For the full year, the return of the passive fund equals the market return. But imagine that the active fund held 15% in cash for the first half of the year and 1% in cash for the second half. Assuming cash returns 0%, the results are summarized below:

The active fund outperformed the passive fund simply by modifying its cash position. Because active funds can reach outside of stocks into a broader investable universe, the zero-sum game rule does not prevent them from outperforming the market.

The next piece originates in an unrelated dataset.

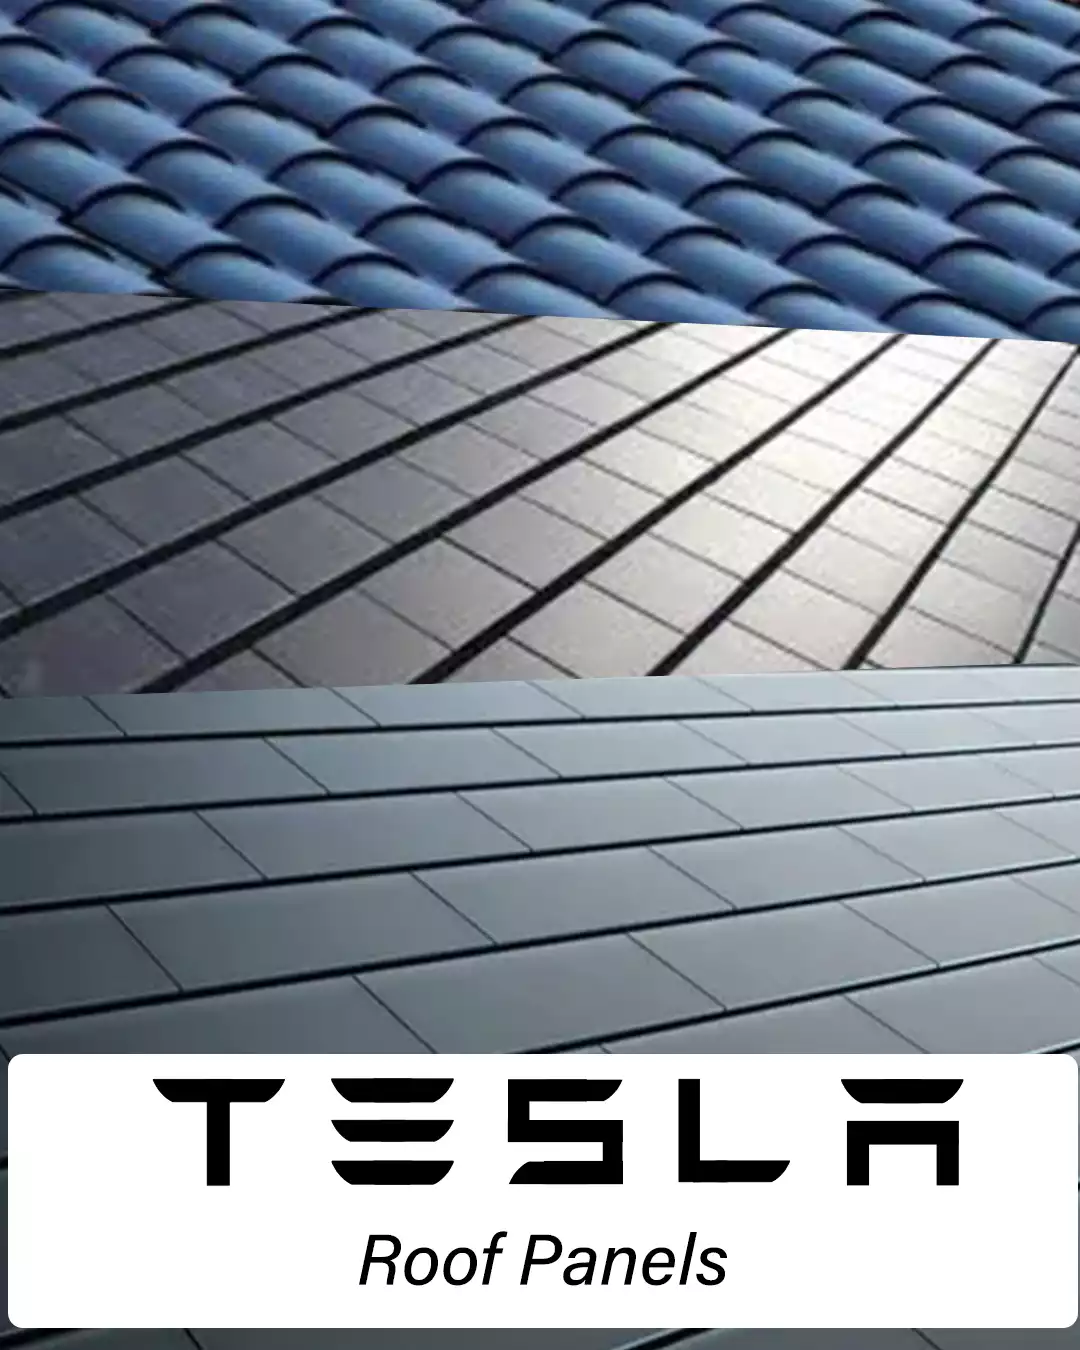 3 Types of Tesla Roof Panels

Active Funds vs. Other Active Participants 

Of course, there is a second (and perhaps more obvious) source of potential outperformance. Excess returns for active funds could simply come at the expense of other active investors. Anyone else who trades stocks at non-market weights including individual investors, corporations, and employee stock-plan participants (the supposed “dumb” money) could underperform, effectively transferring excess returns to professional fund managers (“smart” money).

Conclusion

This exploration is simply a reminder that actively managed equity funds could, in theory, outperform the market, and that the zero-sum game rule does not prevent them from doing so. None of this is intended as an argument for, or against, active management.

The interesting thing is that most active funds don’t outperform the market. The reasons for this deserve further exploration. Structural causes of underperformance, along with thoughts on how to tackle them, will be the subject of future pieces.